Sedlabanki lowered the seven-day collateral lending rate to 5.5 percent. The bank also cut the deposit rate to 4 percent from 4.75 percent. Policy makers have reduced the benchmark 13 times from a record 18 percent since obtaining a $4.6 billion loan from a group led by the International Monetary Fund at the end of 2008.
The Reykjavik-based bank may continue to cut interest rates if the krona “remains stable or appreciates and inflation subsides as forecast,” it said in a statement on its website today. Policy makers will present a revised plan on the timing of removing capital controls next quarter, the bank said.
Capital restrictions, imposed after the failure of Iceland’s three biggest banks in October 2008, have protected the krona. The currency has gained 19 percent against the euro over the past year, while the inflation rate fell 0.4 point to 3.3 percent last month, the lowest since June 2005.
“They needed a deeper cut now to stimulate the economy; there’s a real risk of deflation next year and the bank has to anticipate that and react,” said Asgeir Jonsson, head of research at Arion Bank hf in Reykjavik. The bank may also try to keep rates low as capital controls are removed to prevent investors turning to kronur for so-called carry trades, a transaction that exacerbated the island’s crisis two years ago, he said.
Iceland’s overnight interbank deposit rate slumped 150 basis points to 4.63 percent, the biggest decline since April 2005 to the lowest since June 2004, according to data available on Bloomberg. The three-month rate dropped the lowest in a year.
Governor Mar Gudmundsson said today the new plan on removing capital controls is due to be ready by March 2011. Before the plan is completed, no further steps will be taken to ease controls, he said. That compares with earlier signals to scale back restrictions as early as this year.
The setback follows a ban on some forms of foreign currency lending and debt relief reforms that may harm lenders capital adequacy levels, according to the central bank.
“Given the issue of a potential short-fall in the capital position of the banking system might not be fully address until year-end, it is not realistic” to take further steps to remove currency controls, Gudmundsson said.
The rate of price gains has dropped to a fifth of the pace that plagued Iceland during the peak of the crisis. Inflation soared to 18.6 percent in January last year after the krona lost about 80 percent against the euro offshore in 2008. The krona was trading 0.2 percent higher against the euro today at 154.63 at 9:29 a.m. in Reykjavik. Against the dollar, the krona gained 0.3 percent to 110.03.
The IMF resumed its program with Iceland on Sept. 29, freeing a $167.5 million payment. The lender’s fourth review of the island’s economic program is scheduled for December, Prime Minister Johanna Sigurdardottir said yesterday.
The central bank estimates foreigners are locked into about $3.6 billion in krona assets, mostly in the form of krona Eurobonds that have remained in limbo since the controls were imposed.

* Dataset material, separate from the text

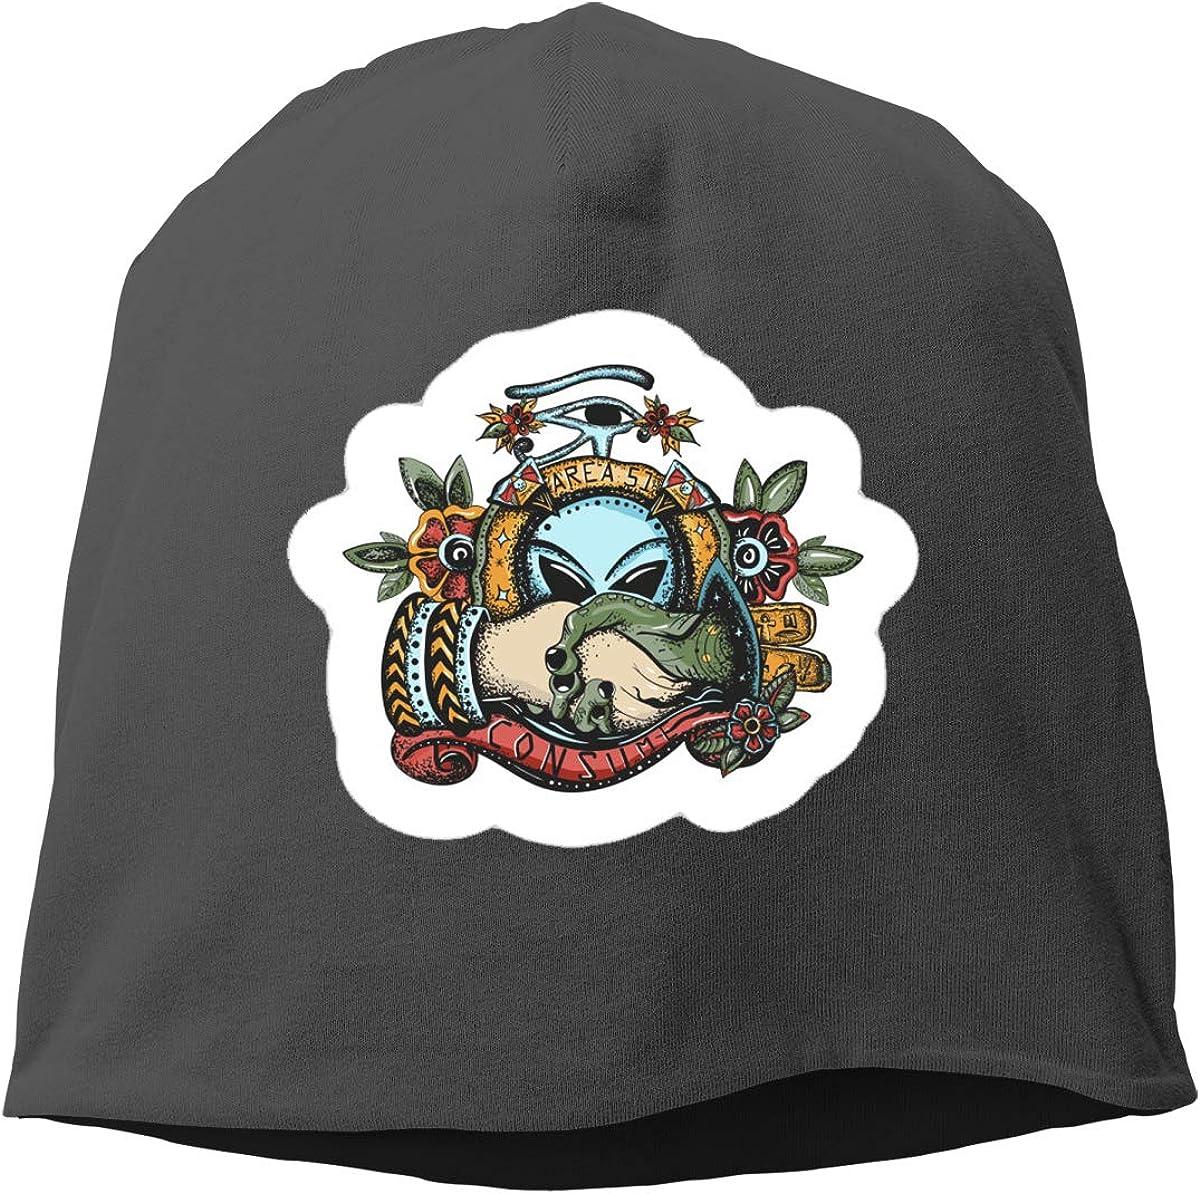 Storm Area 51 Skull Cap Helmet Liner Beanie Cap for Men Hip Hop Hedging Head Hat
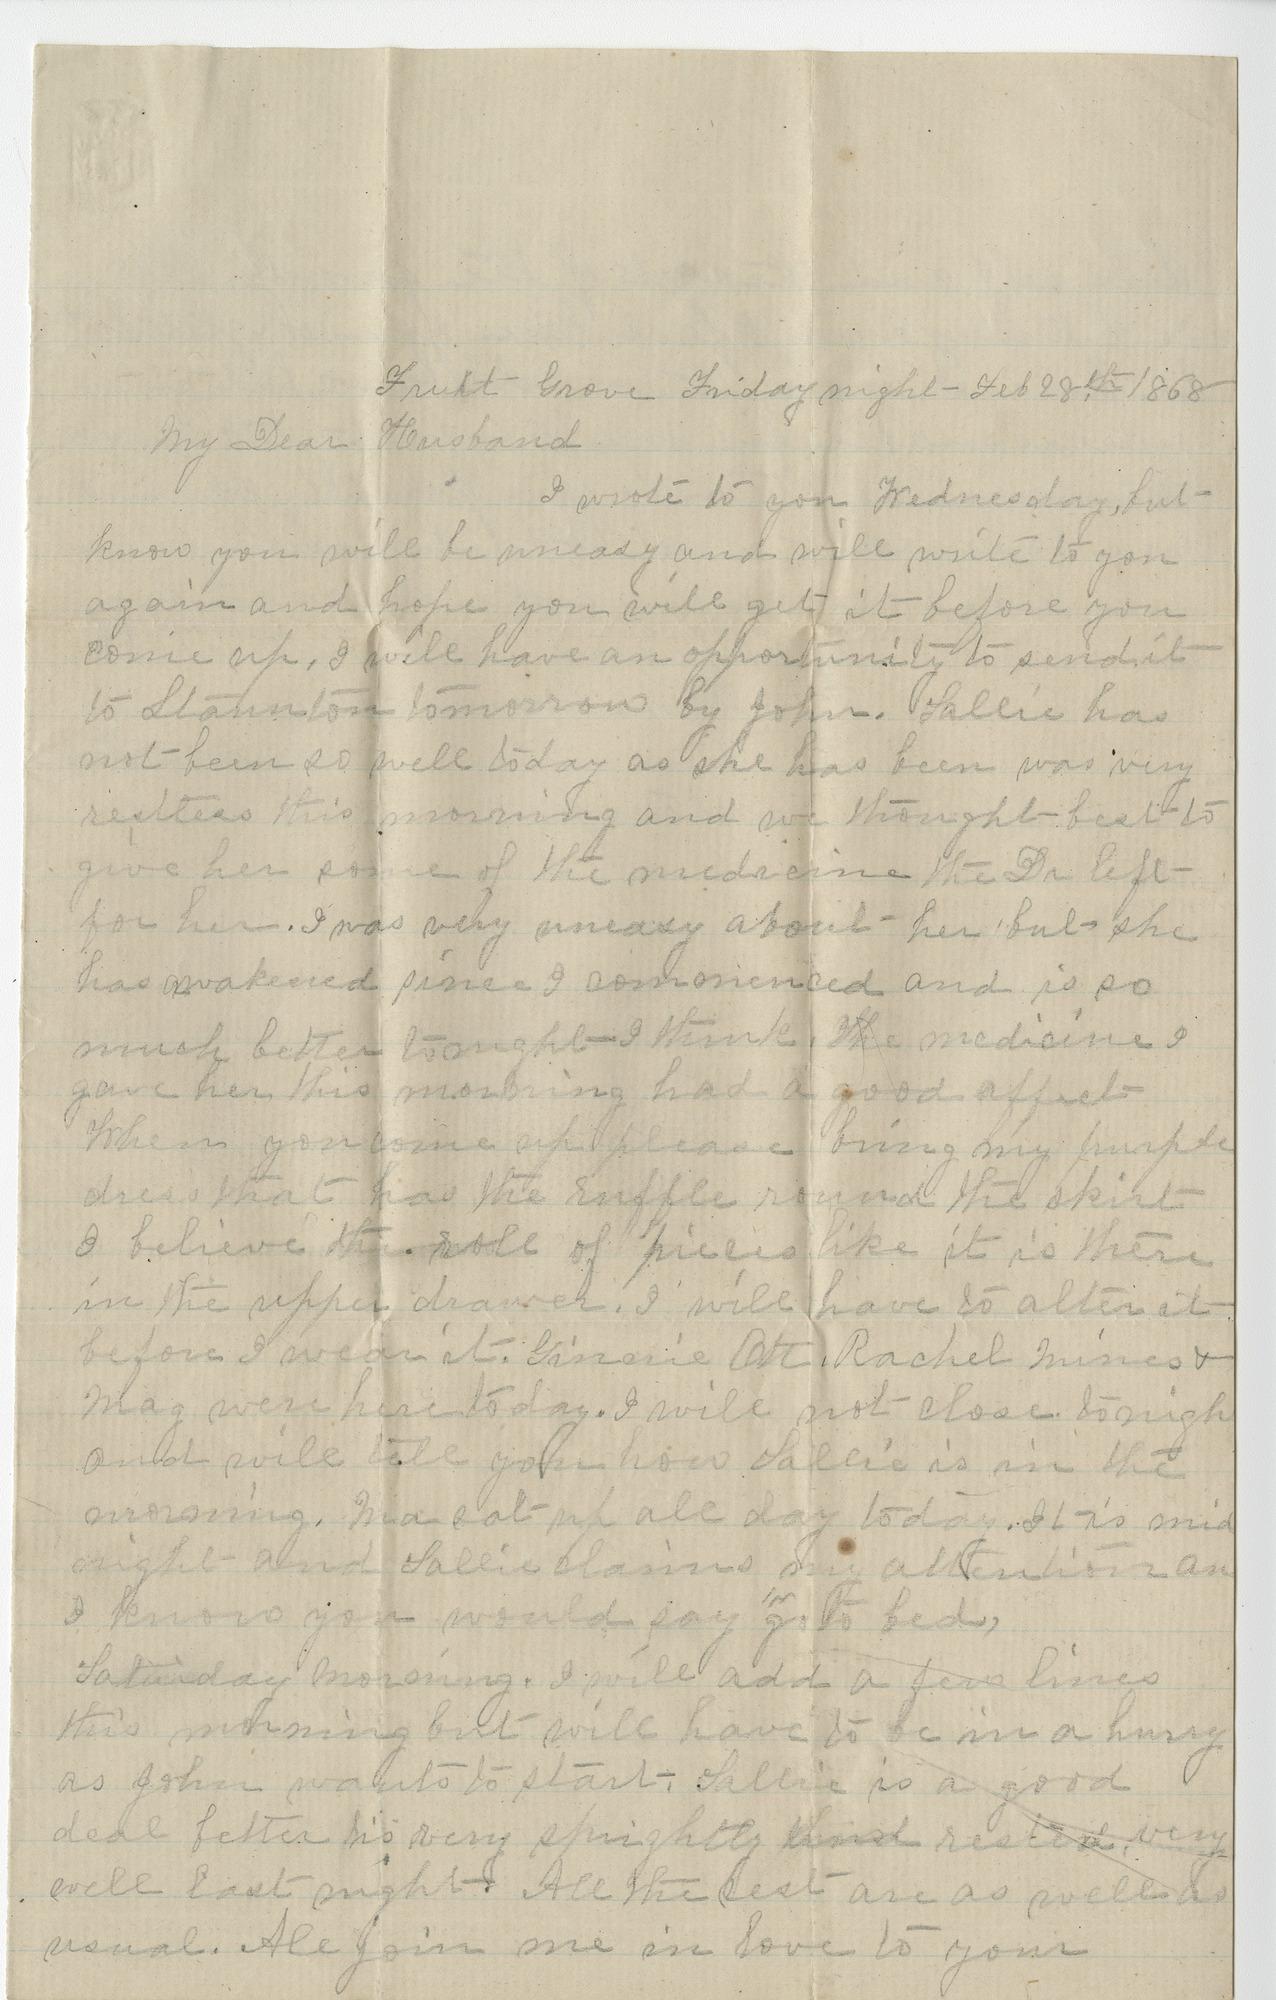 Ms2016-013_HeizerJames_Letter_1868_0228a.jpg

The bonds, known as Glacier bonds, will probably be the last to be exempt from currency restrictions, Governor Mar Gudmundsson said in September. Bonds with the longest maturities will be the first to be released from the controls, Deputy Governor Arnor Sighvatsson said at the time.
Iceland’s economy, which contracted an annual 8.4 percent in the second quarter, will return to growth in 2011, the central bank estimates, as the island emerges from its longest period of economic decline since records began in 1944.